Clinical presentation
Symptoms
Asymptomatic in early disease — vision loss is painless and gradual
Patients rarely notice peripheral field defects until advanced
Trouble with night driving, missing steps, or bumping into things
Central vision preserved until late
Frequently detected on screening exam or as 'large cup' on routine fundoscopy
Signs / physical exam
Elevated IOP on tonometry (most have IOP >21, but normal-tension subgroup does not)
Open angle on gonioscopy
Optic disc cupping: cup-to-disc ratio >0.6, asymmetric C/D between eyes >0.2, notching of the rim, disc hemorrhages (Drance hemorrhages)

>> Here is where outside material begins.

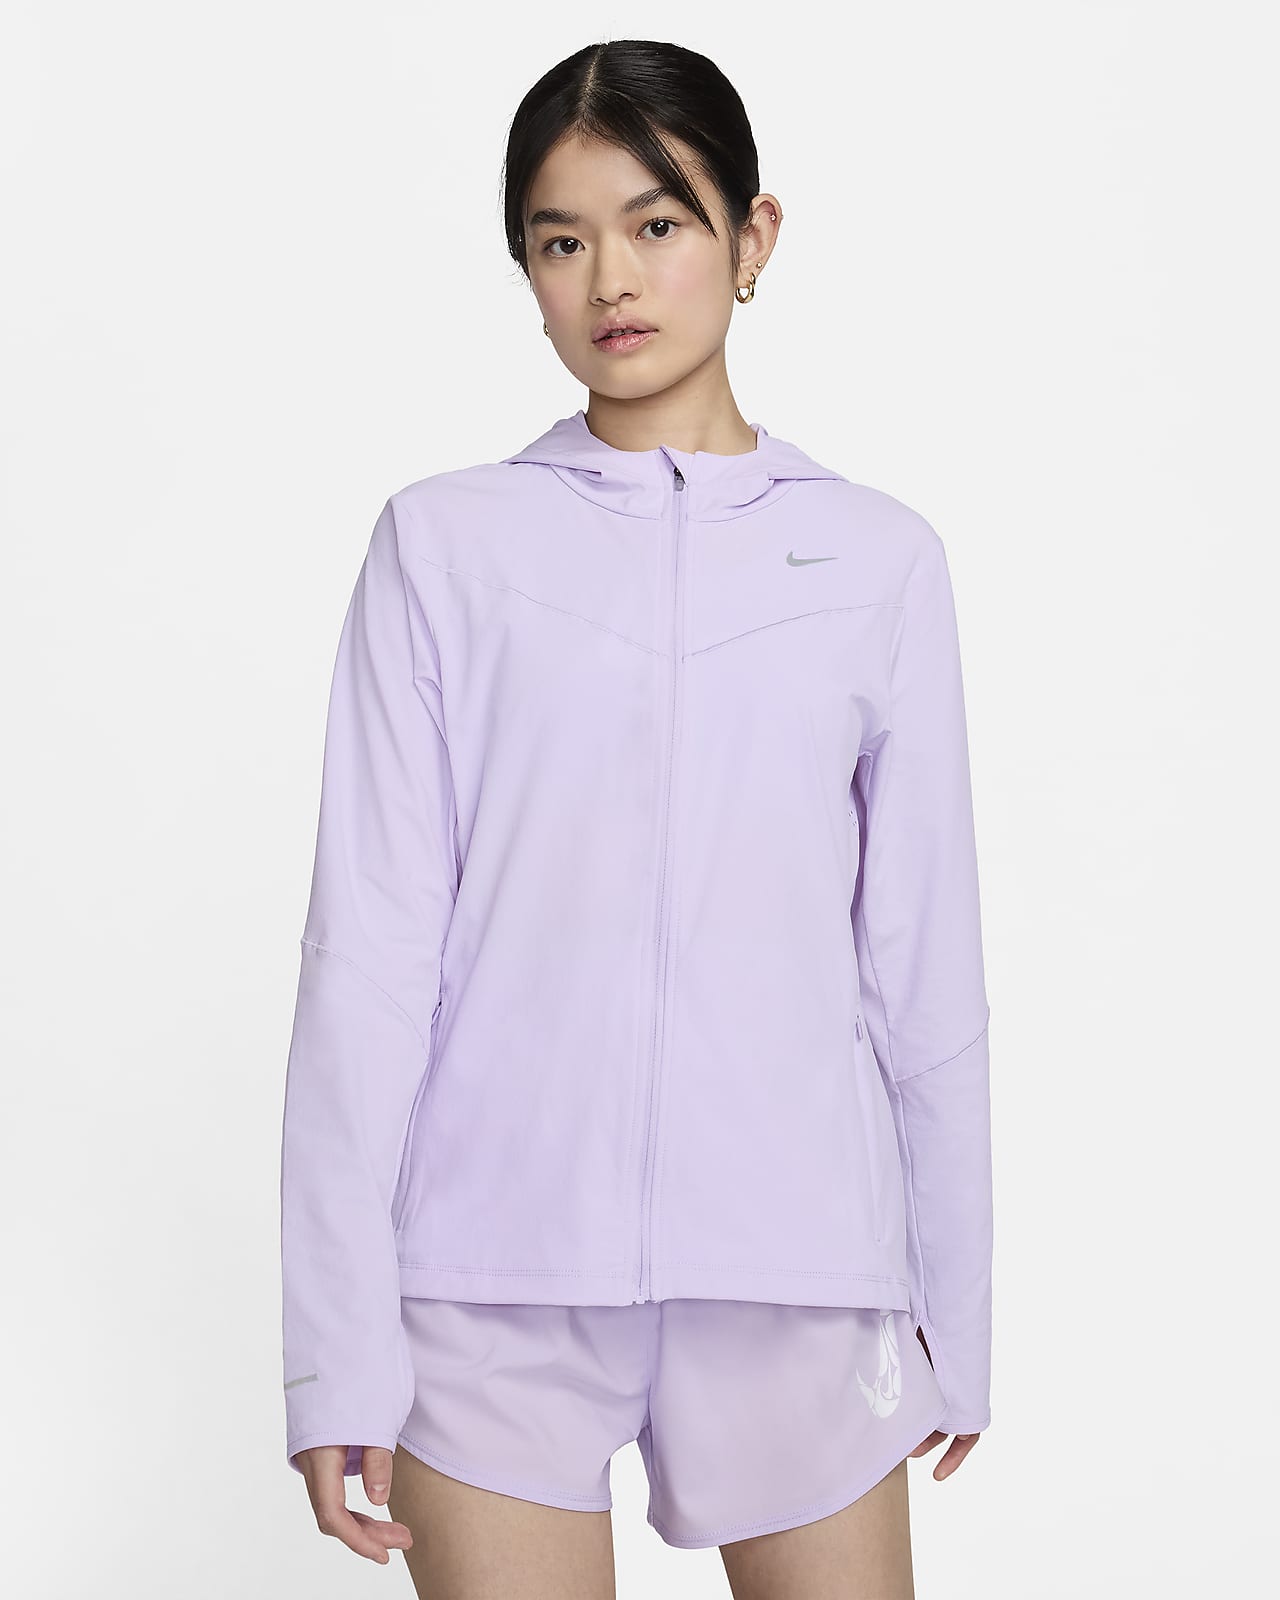 เสื้อแจ็คเก็ตวิ่งผู้หญิง Nike Swift UV

Loss of retinal nerve fiber layer on OCT
Visual field defects: nasal step, paracentral or arcuate scotoma, eventually tunnel vision
Pupils equal with no RAPD until advanced asymmetric disease
Classic findings
Progressive optic disc cupping with corresponding nerve fiber bundle visual field defects in a patient with elevated IOP.
Differential diagnosis
Normal-tension glaucoma — POAG phenotype with IOP <21; consider vascular dysregulation; treat to lower IOP and address risk factors
Secondary glaucomas (pigmentary, pseudoexfoliative, steroid-induced, neovascular, uveitic, traumatic) — Findings on slit lamp/gonioscopy; treat underlying cause
Non-glaucomatous optic neuropathy (ischemic, compressive, inflammatory) — Pale rather than cupped disc, RAPD, sudden vision change, neuroimaging
Optic disc drusen / physiologic cupping — Stable disc and field over time; B-scan or OCT shows drusen
Retinal disease causing field loss — Macular or peripheral retinal pathology; normal disc
Diagnostic workup
Diagnostic criteria
Characteristic optic disc and/or nerve fiber layer damage with corresponding visual field defect in an eye with open angle, after exclusion of secondary causes.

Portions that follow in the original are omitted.